Now you're in a visual editor where you build the conversation flow.

 

Step 3: Ask the User for Resume Text

Let’s start the conversation by prompting the user to paste the resume.

  1. In the authoring canvas, click the + icon below your trigger action
  2. Choose “Ask a question”
  3. Enter: “Please paste the resume text here:”
  4. Set response type to “User’s entire response” in the Identify box
  5. Store the response in a variable, e.g., var1 or userResume

This input will later be sent to an external summarizer.

Step 4: Connect to a Resume Summarizing API

Now you'll connect the chatbot to an external summarizer. This can be done using Power Automate, a no-code tool for integrating with APIs.

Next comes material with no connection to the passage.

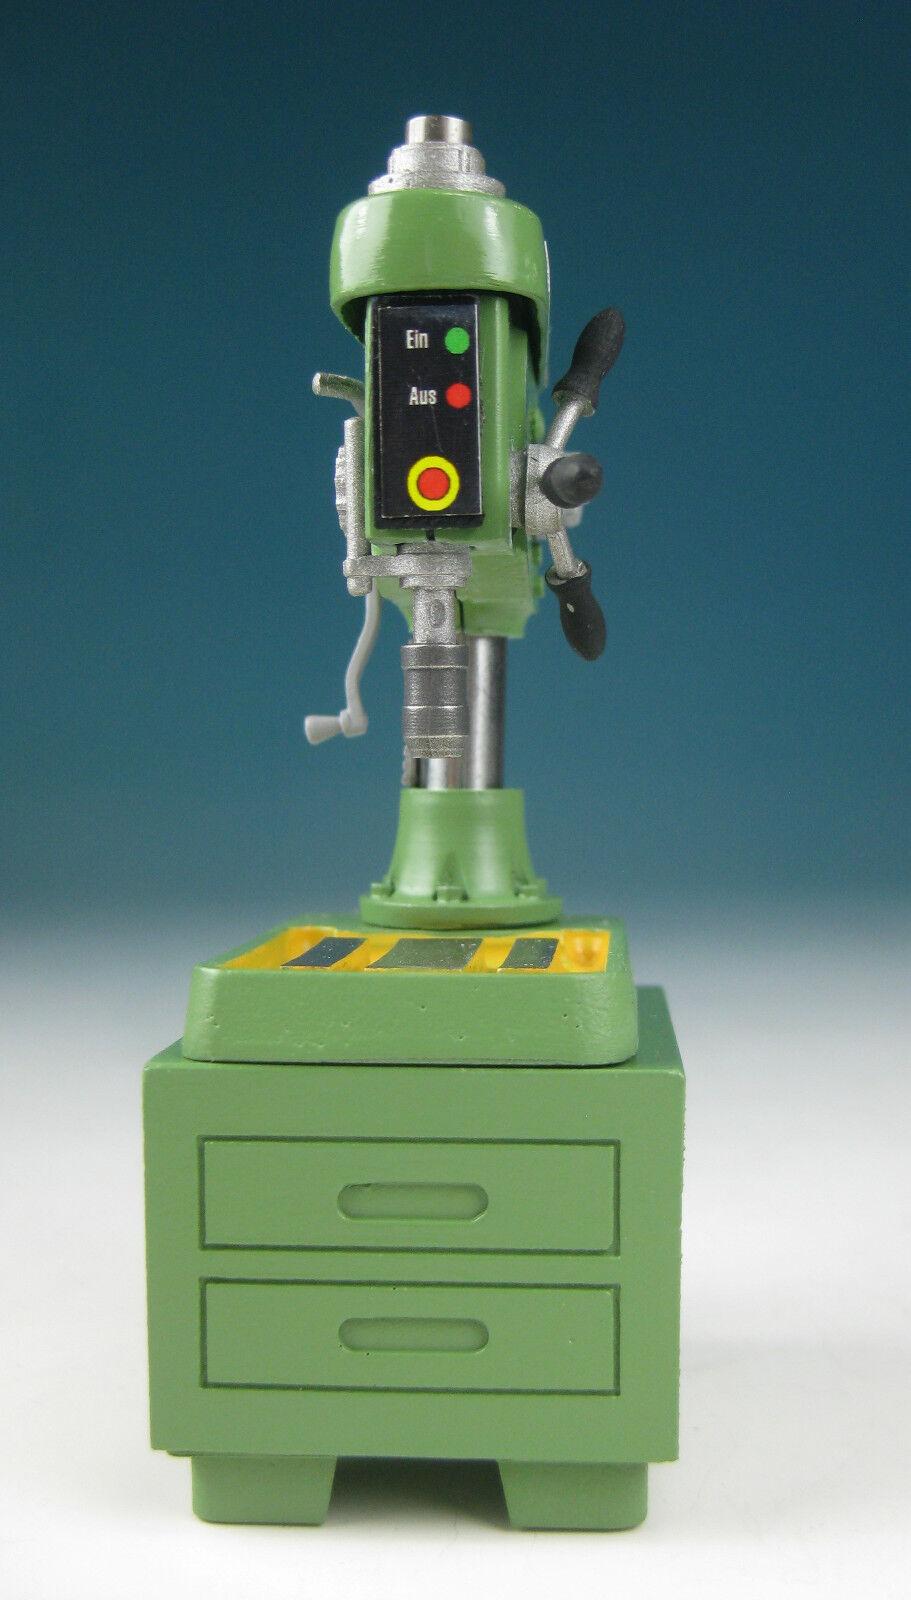 hermoso 11431-mesa taladradora en escala 1 22,5, metal-a metal-a metal-a mano  más descuento
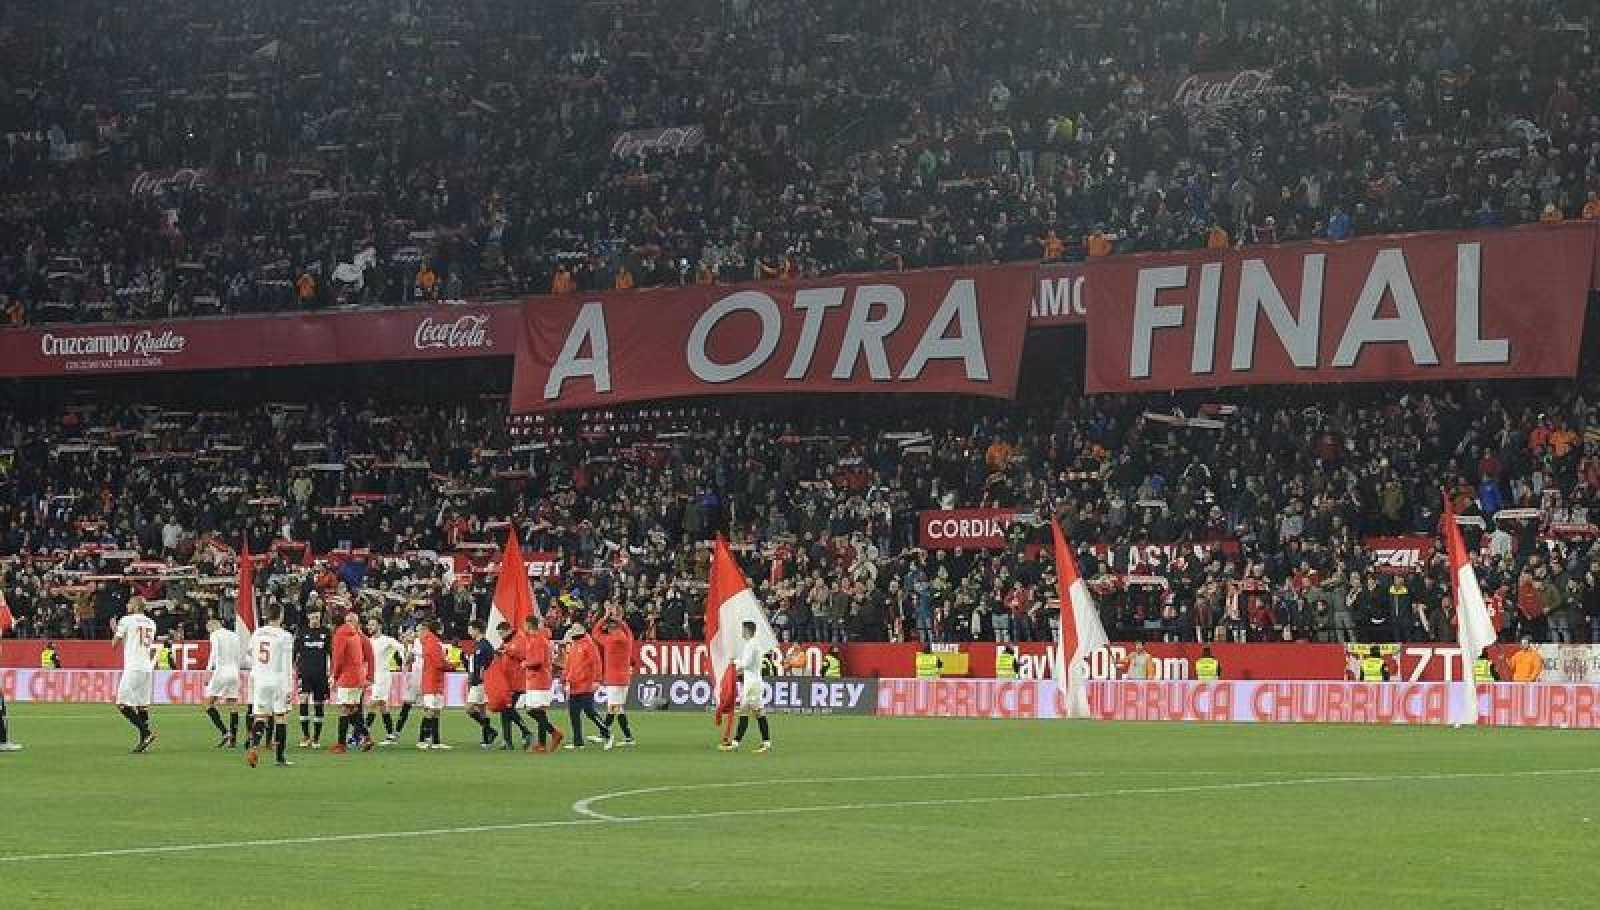 El Sevilla, a otra final

Option A: Use Your Own API

If you have access to a resume summarization API (e.g. OpenAI, Azure OpenAI, or a custom webhook):

  1. Open Power Automate
  2. Create a new Instant cloud flow → name it SummarizeResumeFlow
  3. Add trigger: When an HTTP request is received
  4. Add action: HTTP → call the resume summarizer API
  5. Return a simple text summary in the response

Option B: Use a Mock/Placeholder Flow

If you’re just testing, the API can return a static message like “This resume is for a marketing specialist with 5 years of experience.”

Once the flow is ready:

  1. Go back to Copilot Studio
  2. In the authoring canvas, click + → choose Call an action
  3. Select your Power Automate flow (SummarizeResumeFlow)
  4. Map the input userResume to the flow
  5. Store the result in a variable, e.g., summaryText

Step 5: Display the Summary to the User

Now that you have the summary, show it to the user.

  1. Click the + icon below the flow call
  2. Choose Send a message
  3. Enter:
    1. Here's a summary of the resume: {summaryText}
Optionally, you can add follow-up questions like: Would you like to summarize another resume? Would you like to save this summary?
  1. Click the + icon below the flow call
  2. Choose Send a message
  3. Enter: Here's a summary of the resume: {summaryText}

Optionally, you can add follow-up questions like:

  • Would you like to summarize another resume?
  • Would you like to save this summary?

Step 6: Test and Publish Your Copilot

  1. Click Test your bot (in the top right corner)
  2. Type something like “Can you summarize this resume?”
  3. Paste a resume in the chat box
  4. Verify that it returns a summary

When you’re ready, you can click Publish in the top menu, and then go to Channels to share your bot via Microsoft Teams, or a public or internal website! Congrats on publishing your first agent!